Затем повторно суспендируют клеточную смесь в необходимом объеме тканевой генерирующей среды. Чтобы получить Hydrogel Mix, добавьте необходимое количество фибриногена в тюбик комнатной температуры и тщательно перемешайте. Нанесите гидрогелевую смесь на поверхность политетрафторэтилена, чтобы предотвратить адгезию фибрина к пластине.

Пипеткой нанесите половину объема ткани, оставив ее в виде капли. Поместите поликапролактон или PCL каркас поверх каждой капли и добавьте оставшийся объем на каркас. Теперь добавьте необходимое количество тромбина и быстро перемешайте гидрогель, тщательно избегая образования пузырьков.

Инкубируйте ткани при температуре 37 градусов Цельсия в течение одного часа, чтобы завершить полимеризацию фибрина. Аккуратно возьмите каждую салфетку за край с помощью стерильного пинцета и перенесите их на 12 луночных планшетов, содержащих среду для генерации тканей с добавлением апротинина.

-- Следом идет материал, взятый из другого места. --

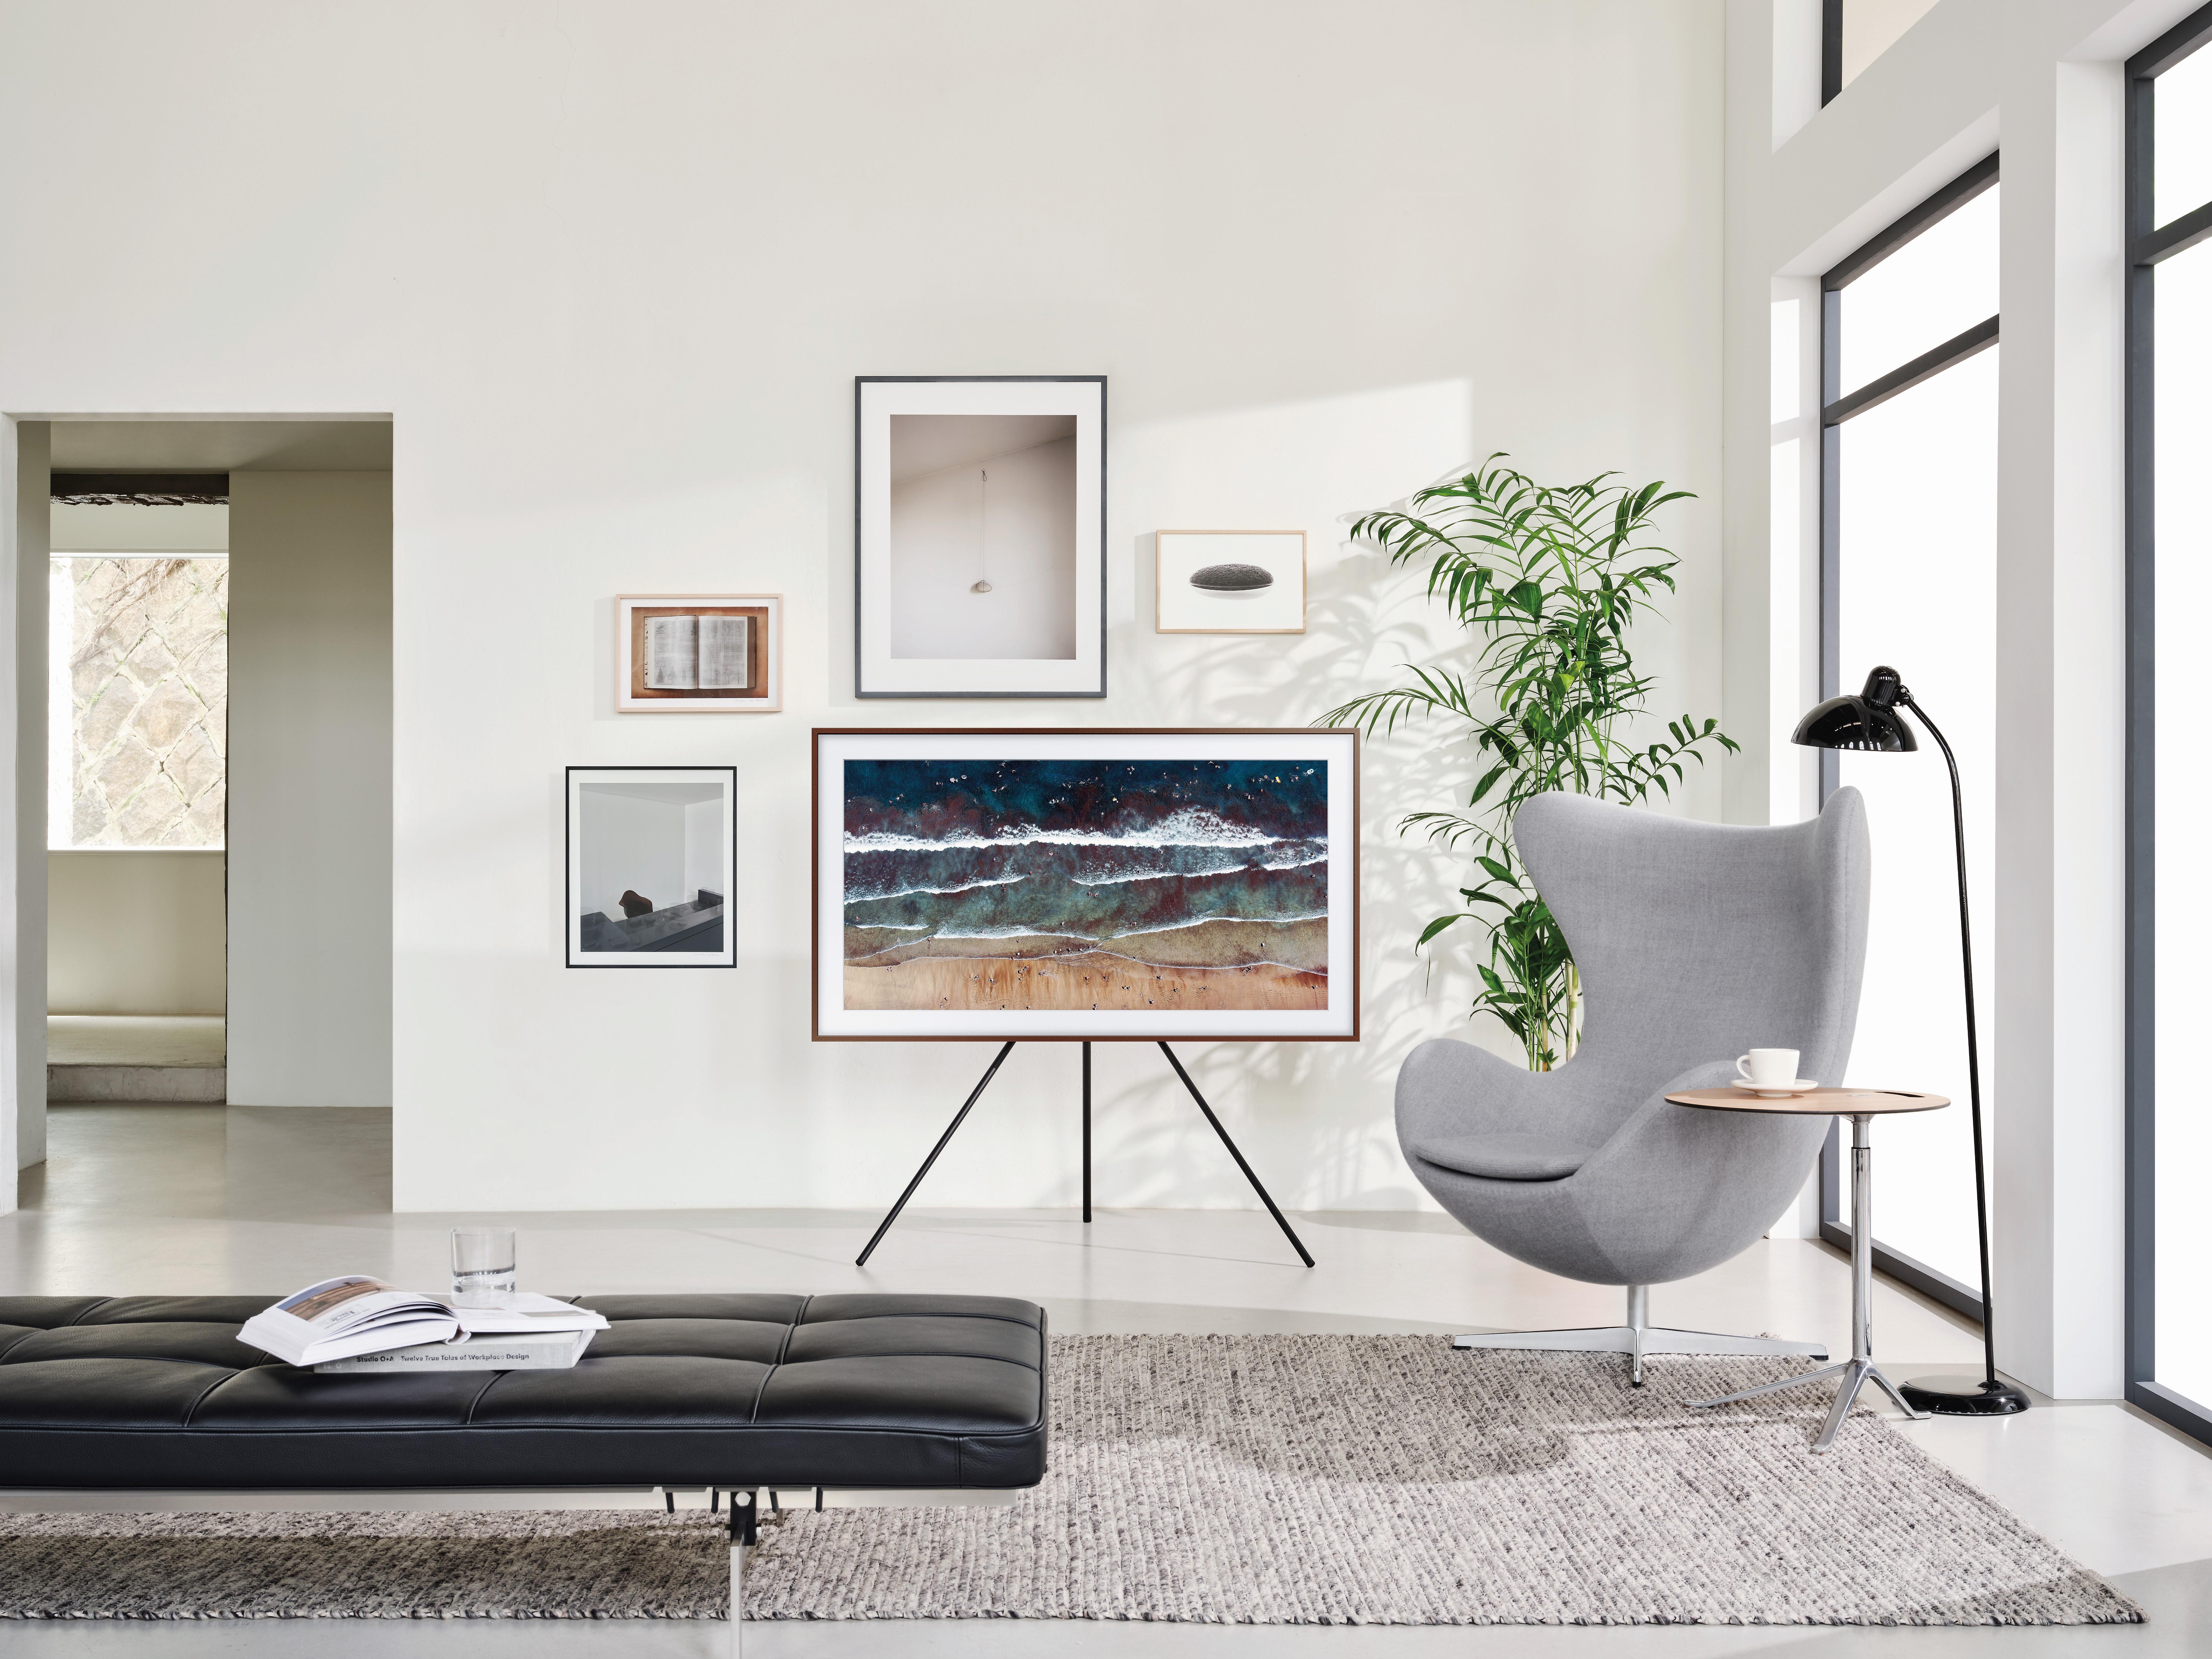 Безграничные возможности интерьерных телевизоров Samsung
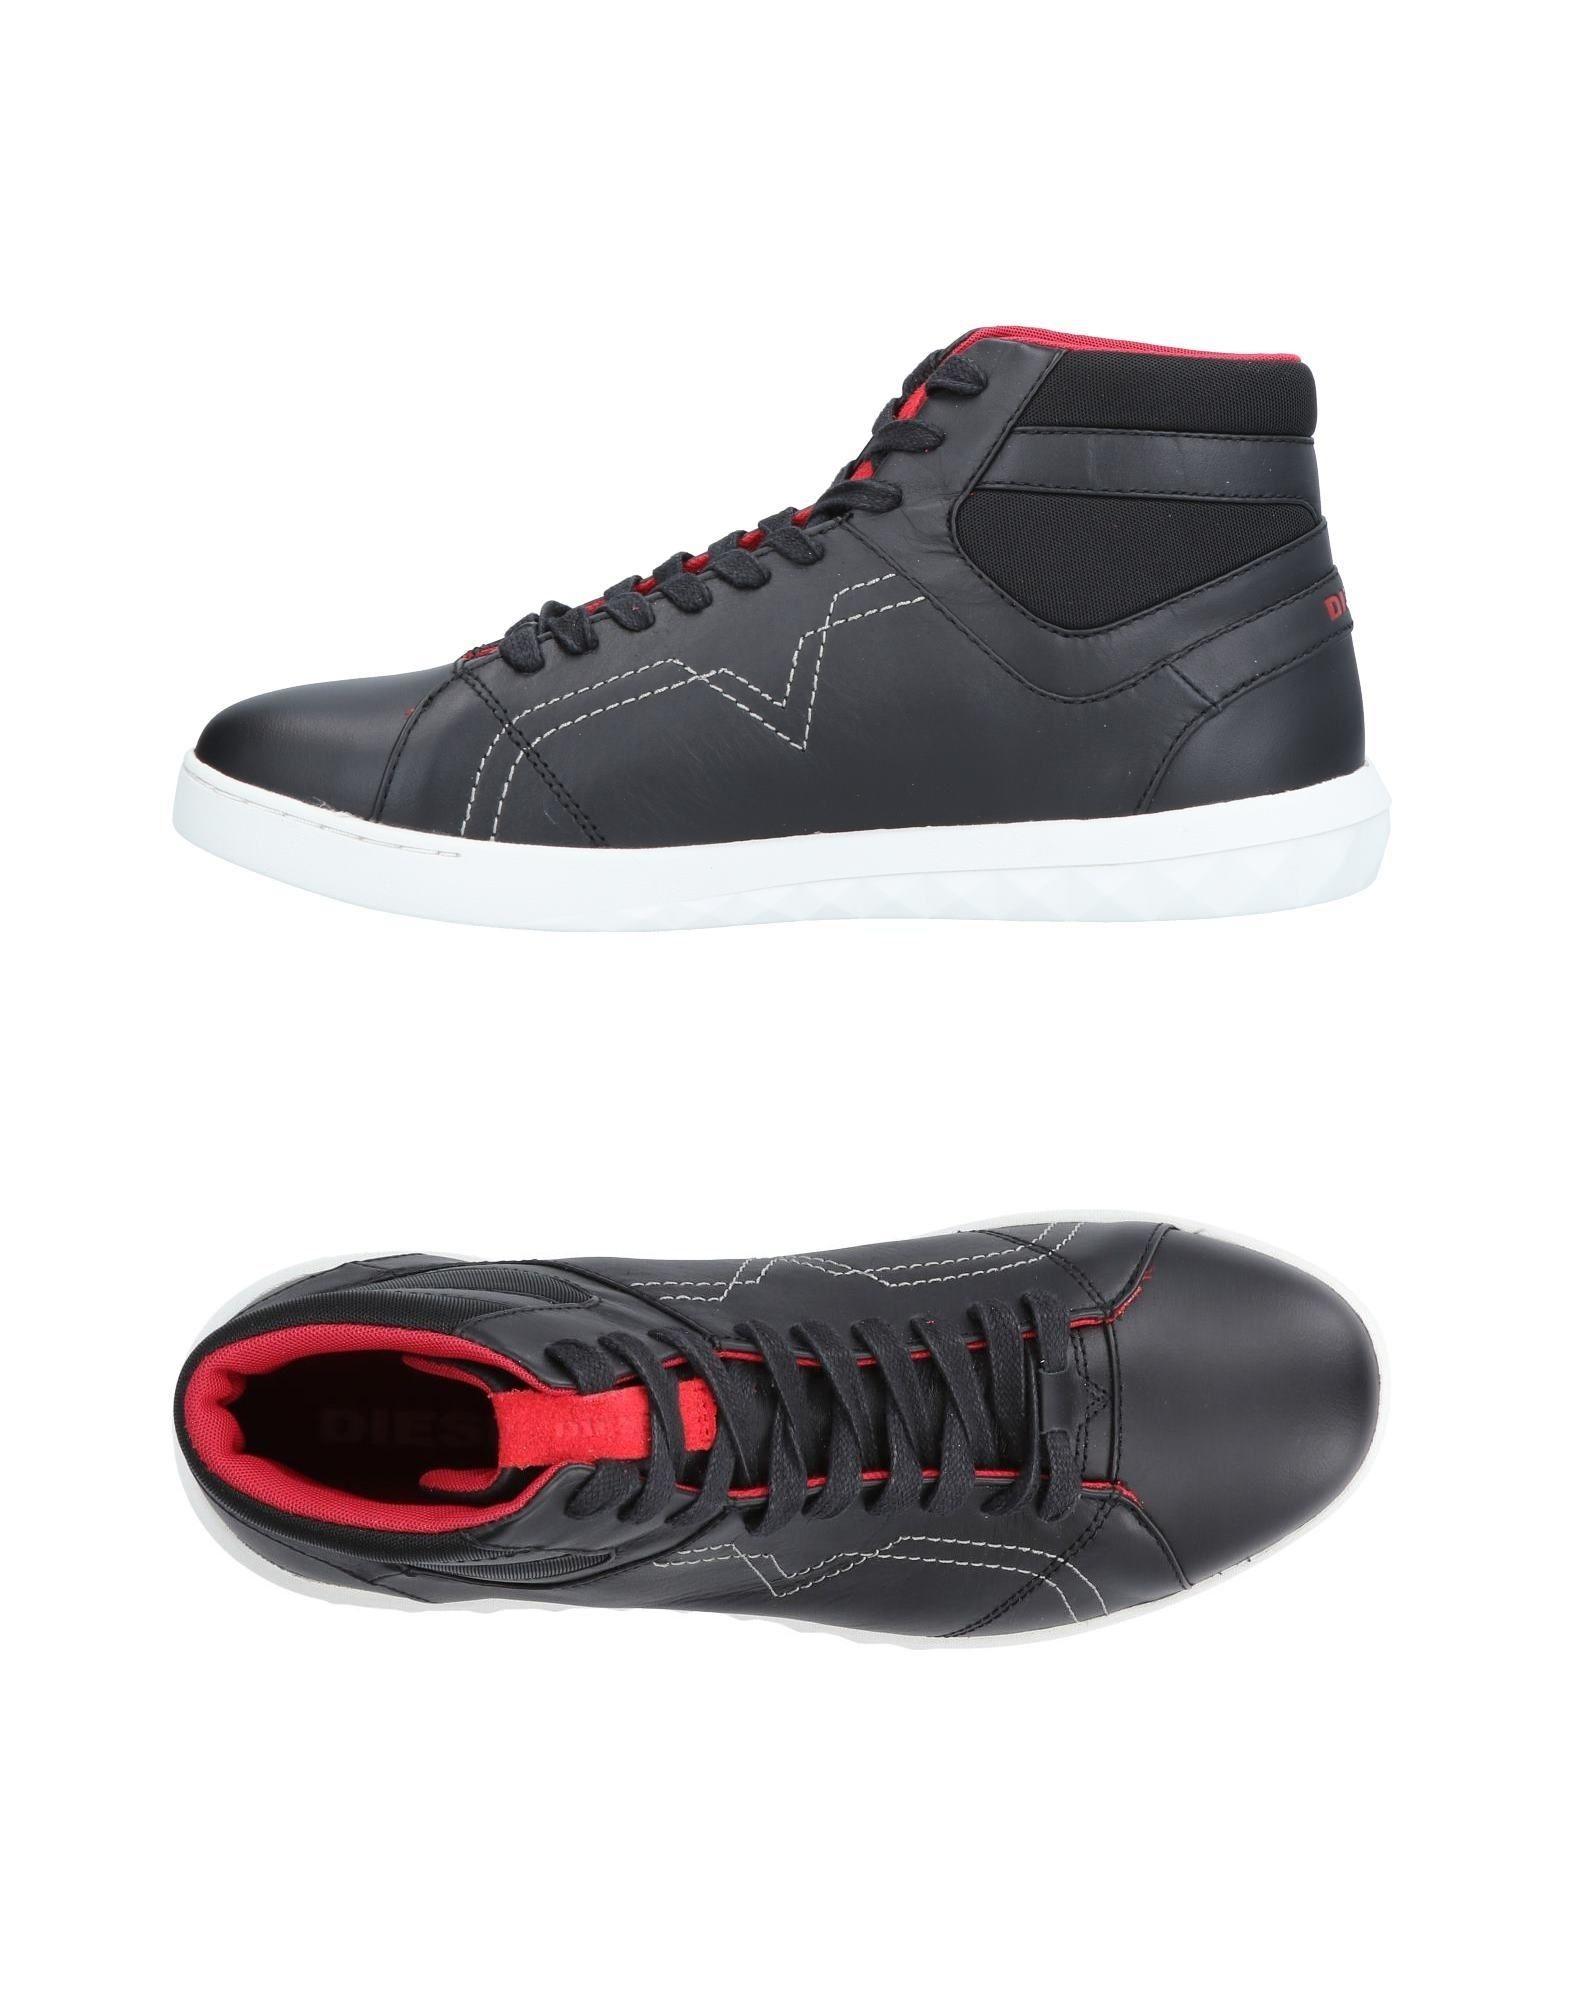 DIESEL ΠΑΠΟΥΤΣΙΑ Χαμηλά sneakers 635392849e5

Инкубируйте ткани при температуре 37 градусов Цельсия в течение 24 часов.

На следующий день обновите среду двумя миллилитрами среды для поддержания тканей, удалив остатки KSR и Y-27. Посев смеси кардиомиоцитов iPSC человека и сердечных фибробластов iPSC человека в фибриновые гидрогели приводит к равномерному распределению клеток по порам каркаса в течение одного часа после полимеризации. Конфокальные иммунофлуоресцентные изображения показали смешанное распределение клеток через 3D-ткань, взаимодействующую с каркасом PCL с большинством кардиомиоцитов iPSC человека, окрашенных на саркомерный актинин, перемежающихся с мечеными виментином сердечными фибробластами iPSC человека.

Кардиомиоциты iPSC человека демонстрируют хорошо организованную саркомерную структуру за счет равномерно расположенного белка саркомерного актинина. Клетки начали спонтанное биение на второй день со средней частотой биения 30 ударов в минуту на седьмой день, демонстрируя стабильное сокращение по всей сетке. Со временем наблюдалось постепенное снижение, достигнув 17 ударов в минуту к 14-му дню.

Несмотря на это, метаболическая активность оставалась стабильной в период с 7 по 14 день, что подтверждает устойчивую жизнеспособность клеток. Наконец, анализ точек слежения бьющихся тканей показал скорость сокращения 38 микрометров в секунду и амплитуду сокращения 29 микрометров.